Architectural evidence
- Anti: LLMs produce output one token at a time (a.k.a. "feed-forward processing") which may be incompatible with consciousness. If an LLM writes some output describing its own conscious experience, then it's generating that output via next-token-prediction rather than introspection, so the output is not evidence about its actual experiences. I think this is the strongest argument against LLM consciousness.
- Anti: LLMs don't have physical senses, which might be important for consciousness.
- Anti: LLMs aren't made of biology, which some people think is important although I don't.
Other evidence
- Pro: If panpsychism is true then LLMs are trivially conscious, although I'm not sure what that tells us about how morally significant they are.
My synthesis of the evidence
I see one strong reason to believe LLMs are conscious: they can accurately imitate beings that are known to be conscious.
I also see one strong(ish) reason against LLM consciousness: their architecture suggests that their output has nothing to do with their ability to introspect.
I can think of several weaker considerations, which mostly point against LLM consciousness.
Overall I think current-generation LLMs are probably not conscious. I am not sure how to reason probabilistically about this sort of thing but given how hard it is to assess consciousness, I'm not comfortable putting my credence below 10%, and I think a 1% credence is very hard to justify.

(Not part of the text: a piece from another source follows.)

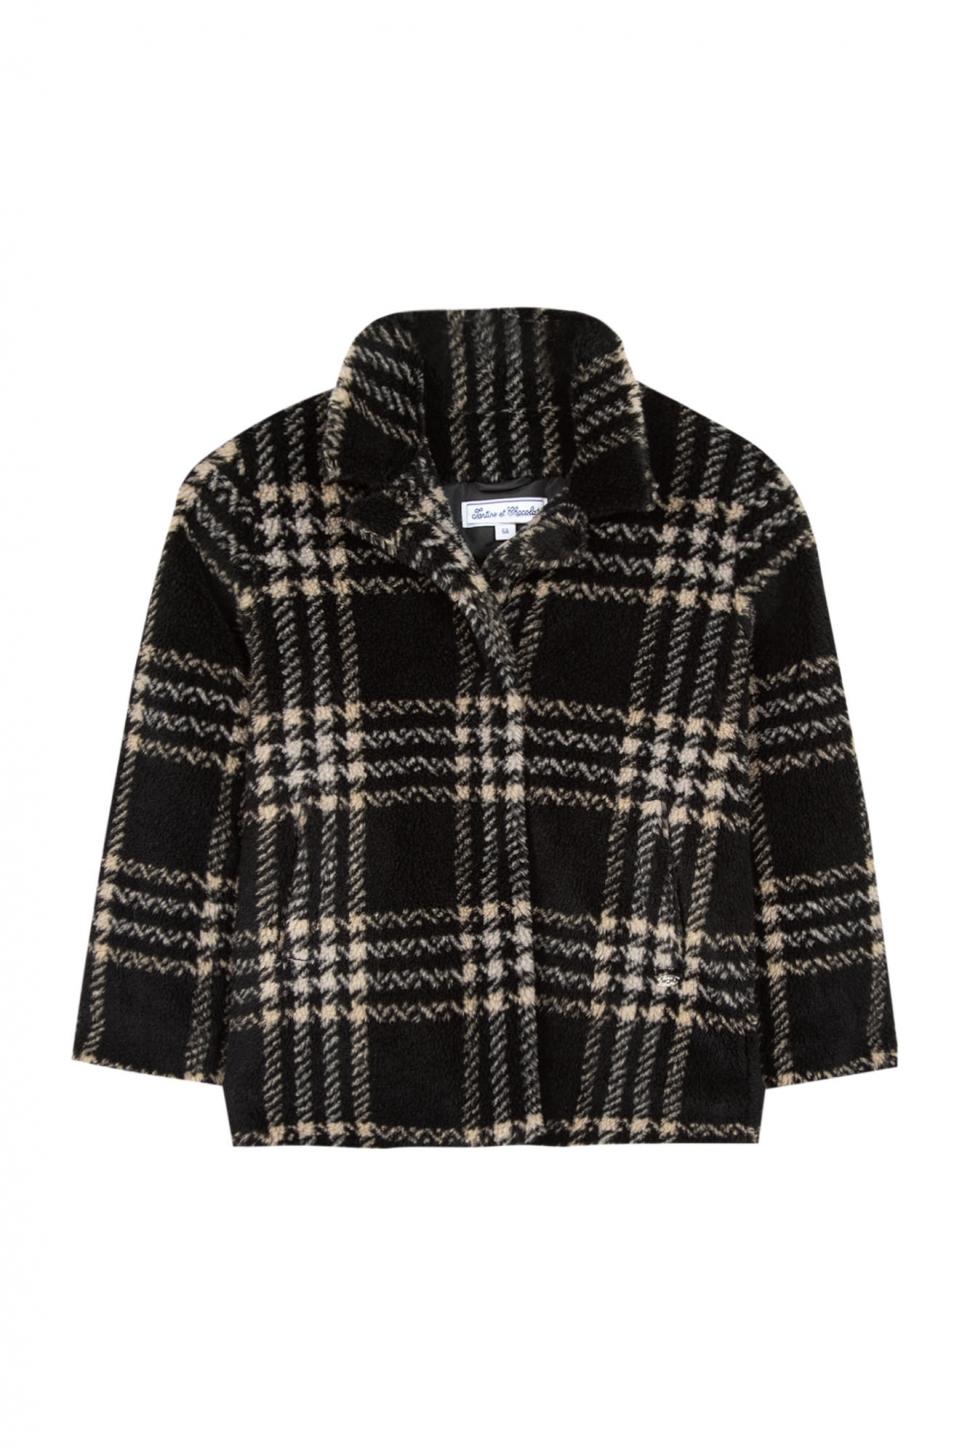 manteau-fourrure-carreaux-noir-tartine-et-chocolat

This implies that there is a strong case for caring about the welfare of not just hypothetical future AIs, but the LLMs that already exist.
What will change with future AIs?
If you are exceedingly confident that present-day LLMs are not conscious:
Imagine it's 2030. You now believe that 2030-era AI systems are probably conscious.
What did you observe about the newer AI systems that led you to believe they're conscious?
On LLM welfare
If LLMs are conscious, then it's still hard to say whether they have good or bad experiences, and what sorts of experiences are good or bad for them.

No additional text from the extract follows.